From (14) and (15), the relationship between (a₀, b₀) and (a₂, b₂) can be obtained as follows:

[\begin{matrix} a_{0} \\ b_{0} \\ 1 \end{matrix}] = [\begin{matrix} \cos θ & \sin θ & x_{1} \\ - \sin θ & \cos θ & y_{1} \\ 0 & 0 & 1 \end{matrix}] [\begin{matrix} a_{2} \\ b_{2} \\ 1 \end{matrix}]

(16)

The parameter θ is the angle between the X₁ axis and the X₂ axis. The coordinates of points in the coordinate system (X₀, Y₀) can be calculated by equation (16) if the coordinates in the coordinate system (X₂, Y₂) are known in advance.
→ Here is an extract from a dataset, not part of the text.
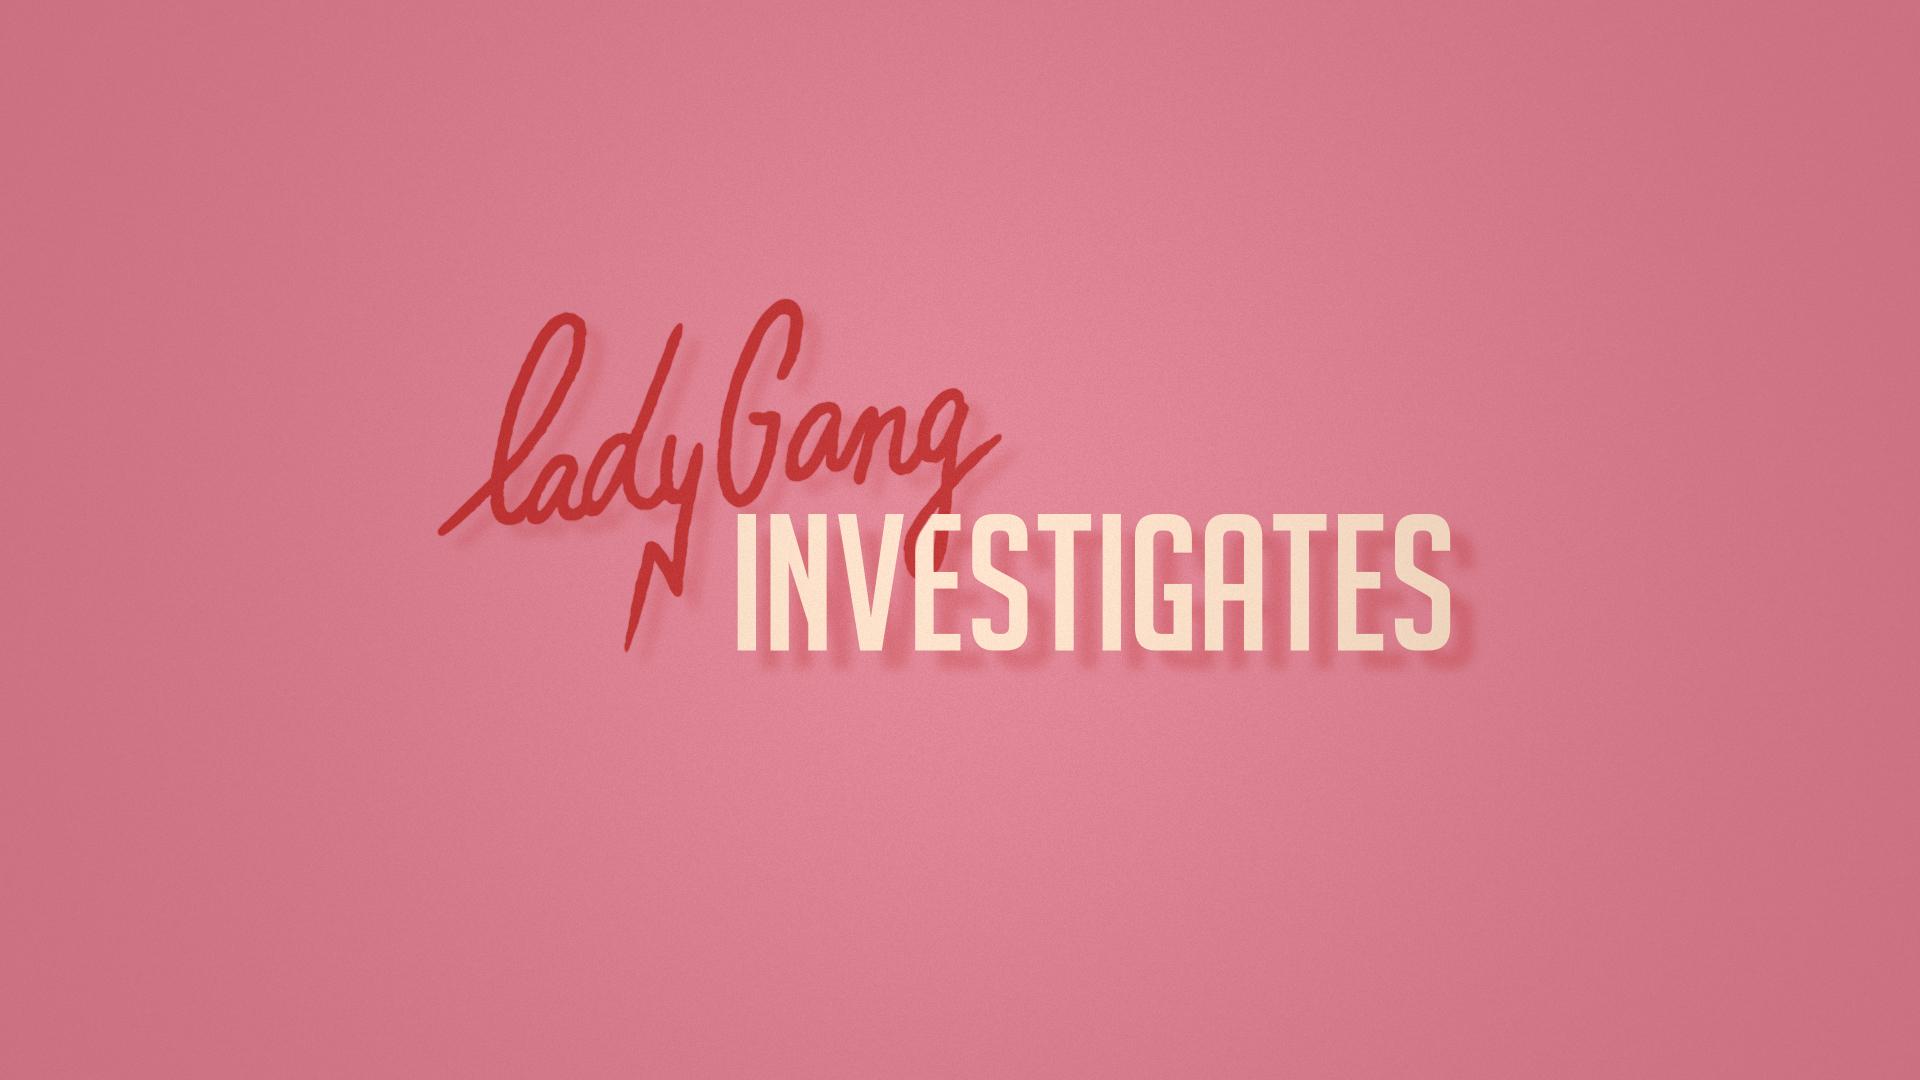 LadyGang_Styleframes_Investigates_02 (0-00-00-00).jpg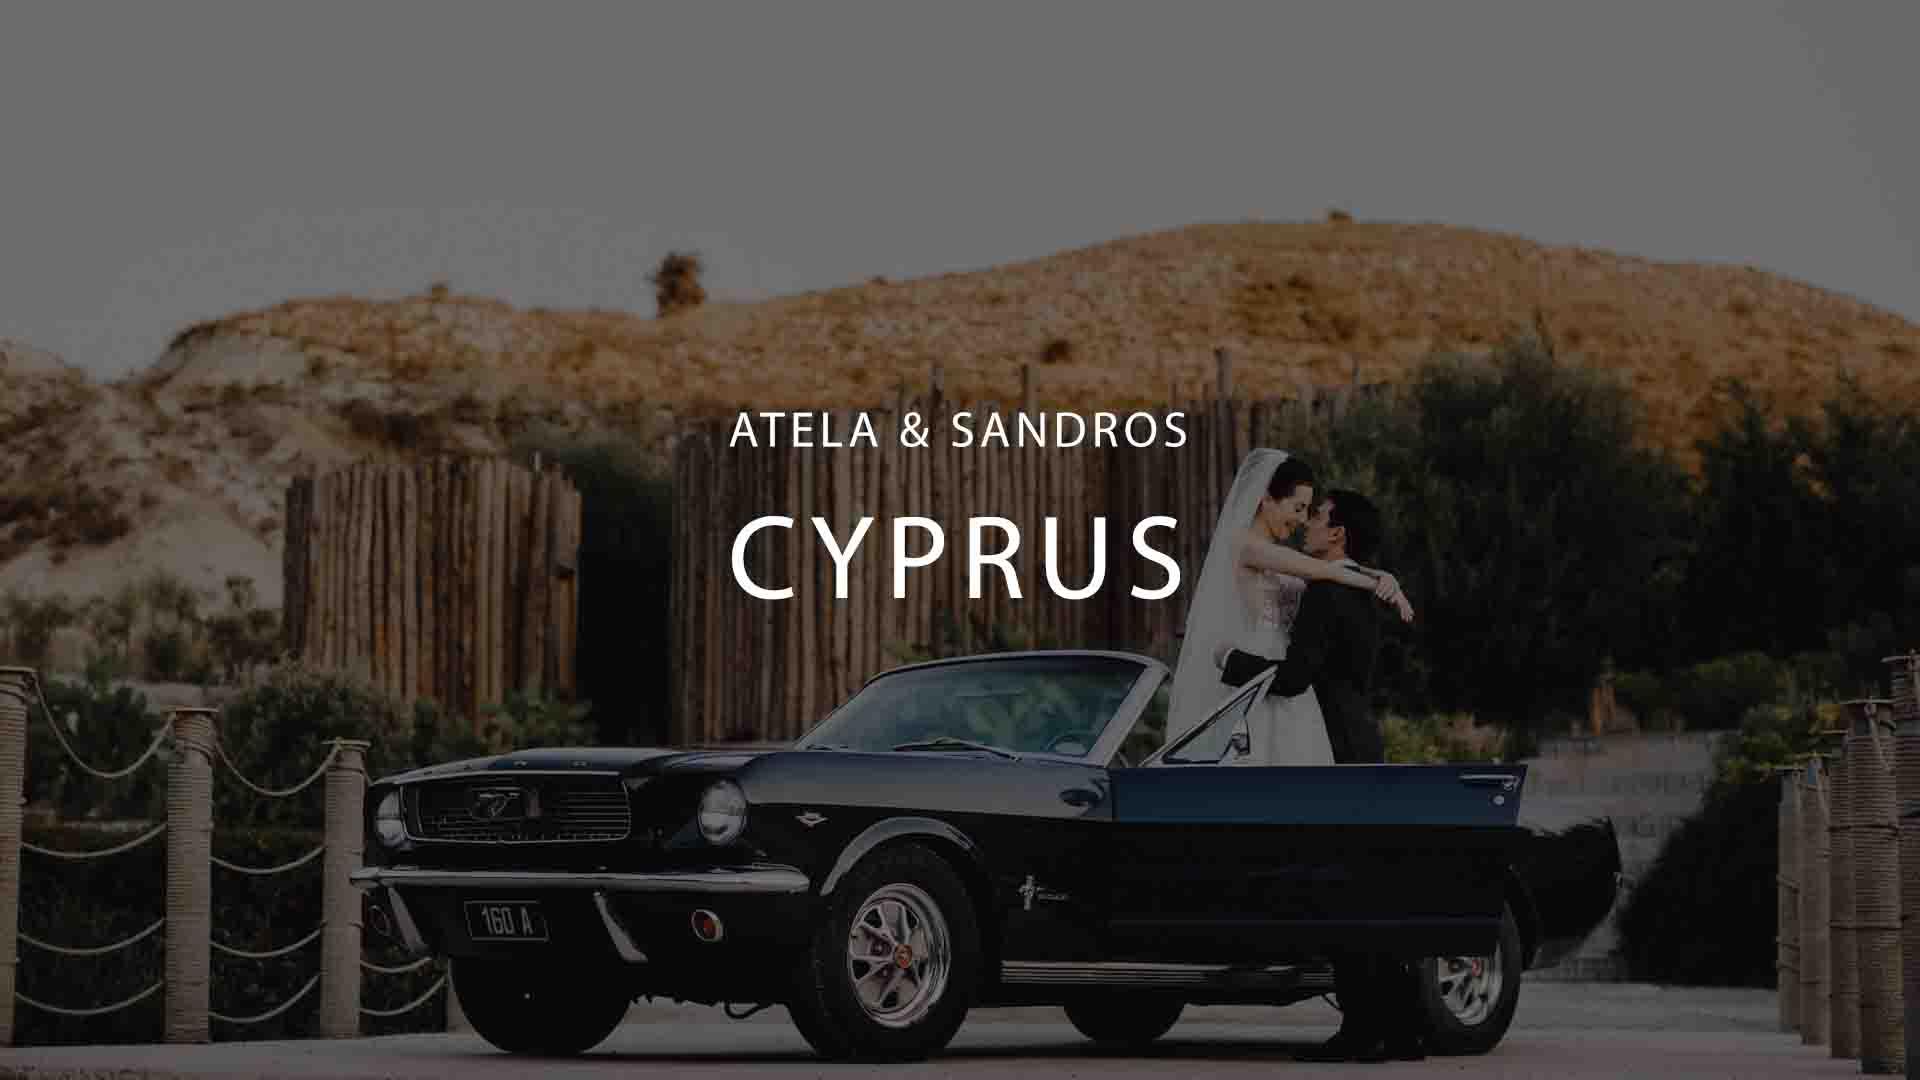 Real Cyprus wedding story

In order to improve the computing speed, the integral image is used to calculate the ratio of the small rectangle's two parts. The Rectⁱ in Figure 3 and Figure 4 is the rectangle that is used to calculate the integral image in the half-line i. The height of the rectangle Rectⁱ is the same as the heights of the small rectangles which move along the half-lines in Figure 2: all are H. The widths of the small rectangles are W and the width of the rectangle Rectⁱ is W+N_s. N_s is the moving time of the small rectangle in every half-line. The integral image of the rectangle Rectⁱ is calculated as follows:

Figure 4.

The rectangle Rectⁱ used to calculate the integral image

\begin{array}{l} s (y) = \sum_{x = 0}^{H} i (x, y) \\ i i (H, y) = i i (H, y - 1) + s (y) \end{array}

(17)

where s(y) is the sum of the y-th column pixels, ii(H, y) is the value of the last line of the integral image. In Figure 4, l₁ is the boundary of the small rectangle's two parts, l₂ is the left side of the small rectangle and l₃ is the right side of the small rectangle. The value of the integral image at location 2 is the sum of the pixels in rectangle A. The value of the integral image at location 1 are the sum of the pixels in rectangle A+B and the value of the integral image at location 3 is the sum of the pixels in rectangle A+B+C. Therefore, the sum of the pixels in rectangle B is ii₁- ii₂ and the sum of the pixels in rectangle C is ii₃- ii₁. The ratio of the small rectangle's two parts is (ii₃- ii₁)/ (ii₁- ii₂), while ii₁, ii₂, ii₃ are the values of the integral image at locations 1, 2 and 3 respectively.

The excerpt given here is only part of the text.